The goal of the project is to materialize a set of **exploratory workloads** over a real-world, large-scale,  open-domain KG: [WikiData](https://www.wikidata.org/wiki/Wikidata:Main_Page)

An exploratory workload  is composed by a set of queries, where each query is related to the information obtained previously.
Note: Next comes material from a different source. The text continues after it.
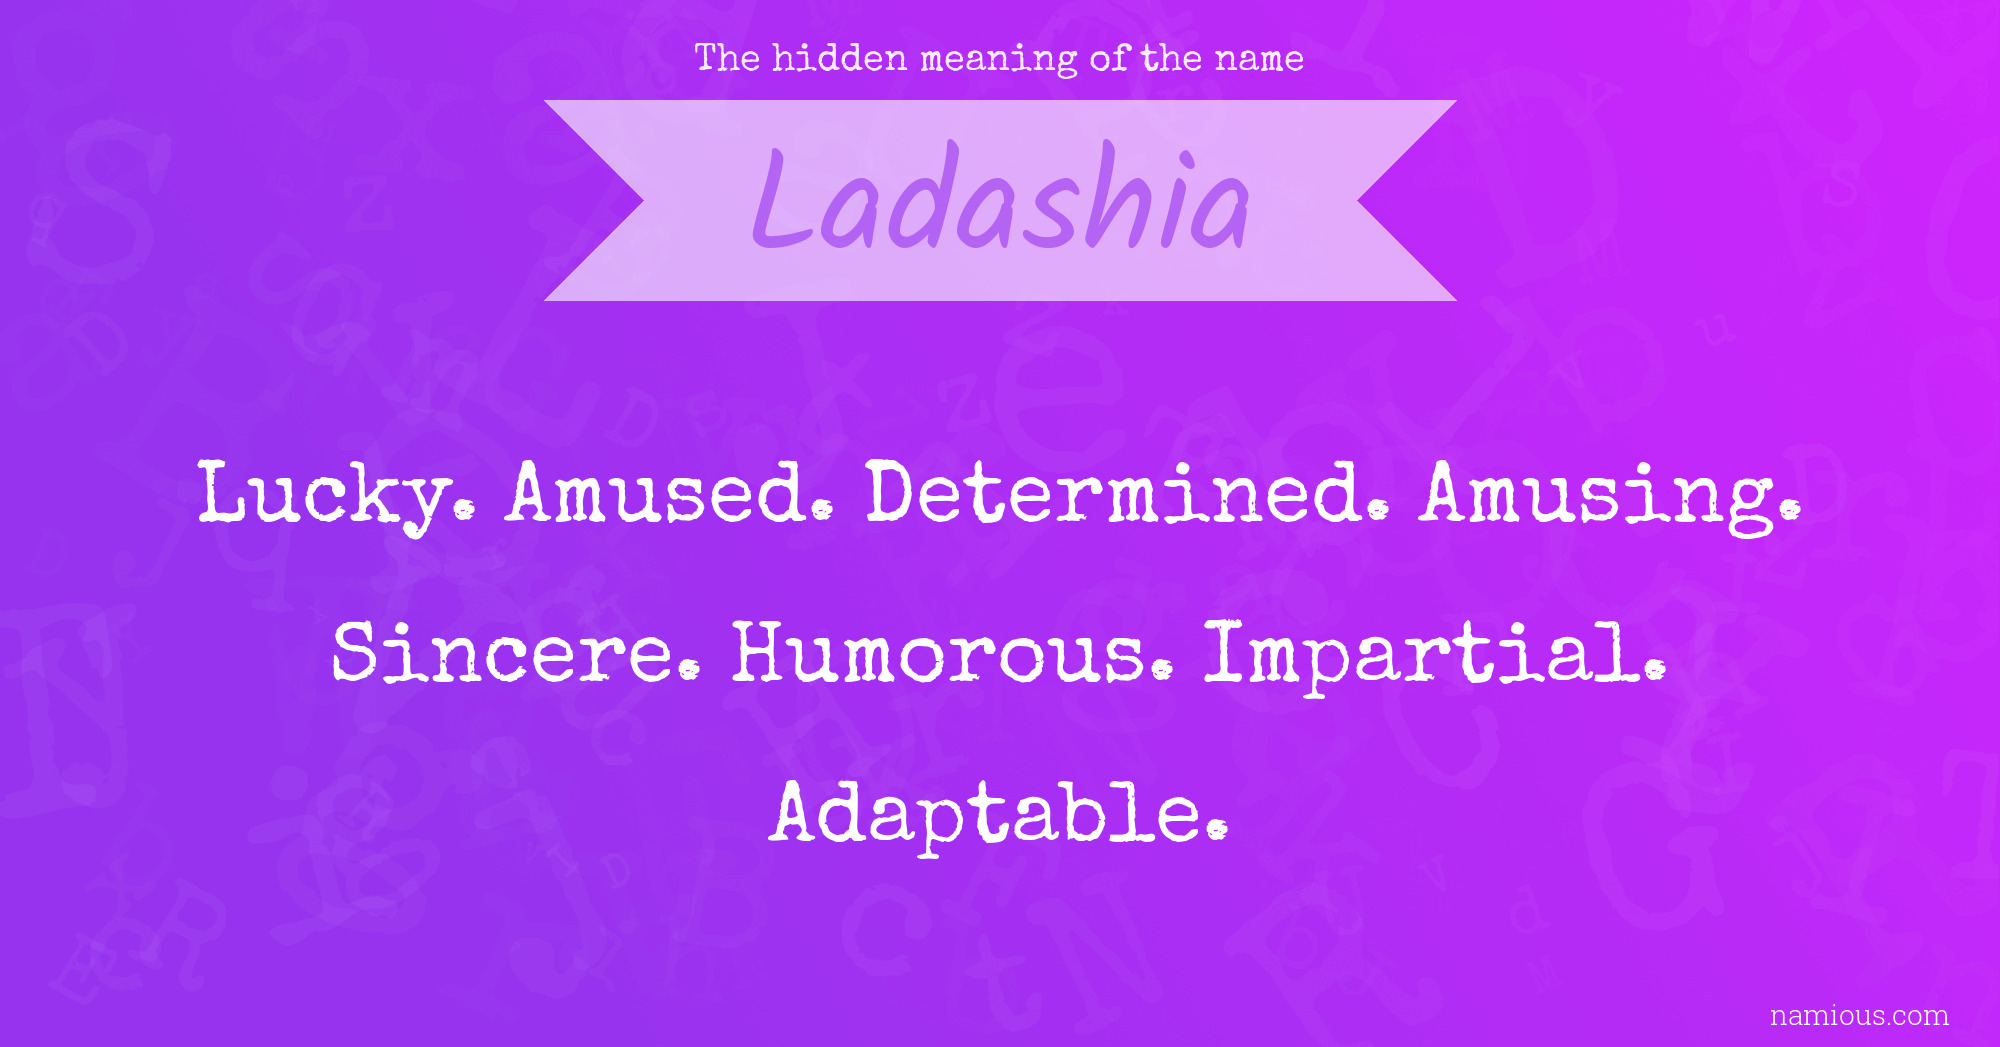 The hidden meaning of the name Ladashia
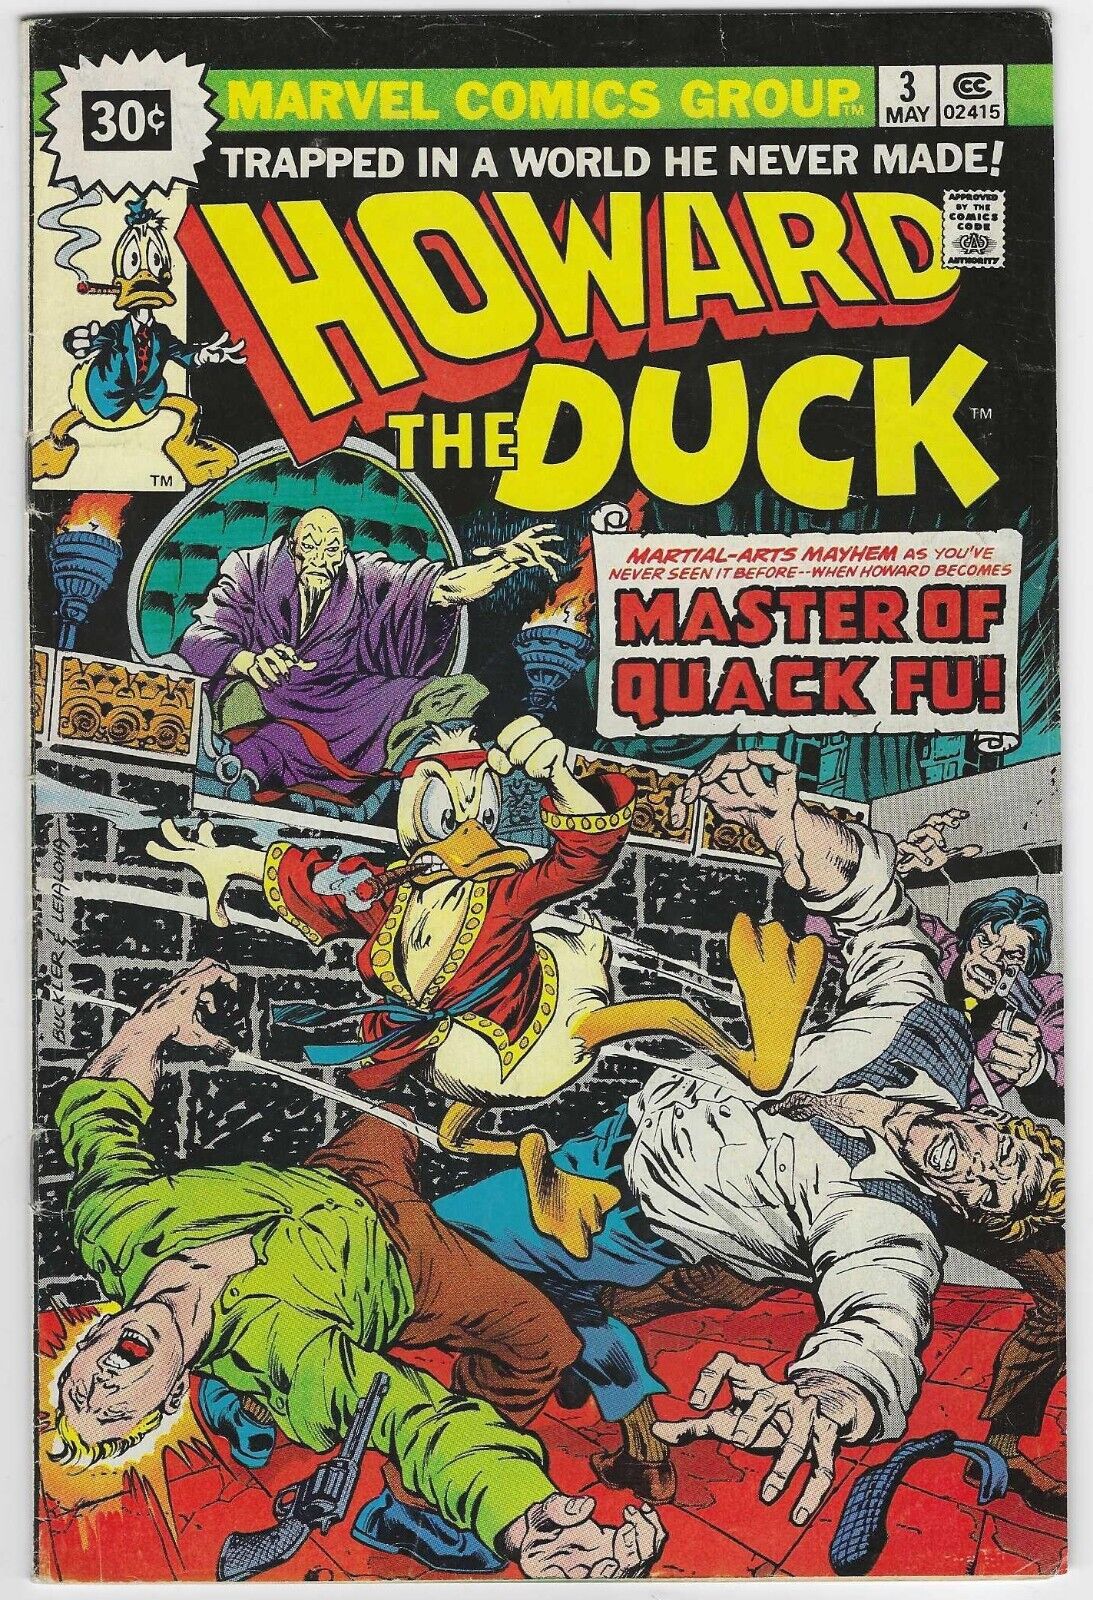 HOWARD THE DUCK 3 30 CENT PRICE VARIANT F .30 MARVEL MASTER OF QUACK FU

An exploratory workload starts with a usually vague, open ended question, and does not assume the person issuing the workload has a clear understanding of the data contained in the target database or its structure.

Remeber that:

1. All the queries must run in the python notebook
2. You can use classes and properties only if you find them via a SPARQL query that must be present in the notebook
3. You do not delete useless queries. Keep everything that is synthatically valid 

```
?p <http://schema.org/name> ?name .
```
    
    is the BGP returning a human-readable name of a property or a class in Wikidata.

In [3]:
## SETUP used later

from SPARQLWrapper import SPARQLWrapper, JSON


prefixString = """
##-9b9ab72bb3-##
PREFIX wd: <http://www.wikidata.org/entity/> 
PREFIX wdt: <http://www.wikidata.org/prop/direct/> 
PREFIX sc: <http://schema.org/>
"""

# select and construct queries
def run_query(queryString,verbose = True):
    to_run = prefixString + "\n" + queryString

    sparql = SPARQLWrapper("http://a256-gc1-03.srv.aau.dk:5820/sparql")
    sparql.setTimeout(300)
    sparql.setReturnFormat(JSON)
    sparql.setQuery(to_run)

    try :
        results = sparql.query()
        json_results = results.convert()
        if len(json_results['results']['bindings'])==0:
            print("Empty")
            return []
        array = []
        for bindings in json_results['results']['bindings']:
            app =  [ (var, value['value'])  for var, value in bindings.items() ] 
            if verbose:
                print( app)
            array.append(app)
        if verbose:
            print(len(array))
        return array

    except Exception as e :
        print("The operation failed", e)
    
# ASk queries
def run_ask_query(queryString):
    to_run = prefixString + "\n" + queryString

    sparql = SPARQLWrapper("http://a256-gc1-03.srv.aau.dk:5820/sparql")
    sparql.setTimeout(300)
    sparql.setReturnFormat(JSON)
    sparql.setQuery(to_run)

    try :
        return sparql.query().convert()

    except Exception as e :
        print("The operation failed", e)

# Sport Workflow Series ("Olympic Games explorative search") 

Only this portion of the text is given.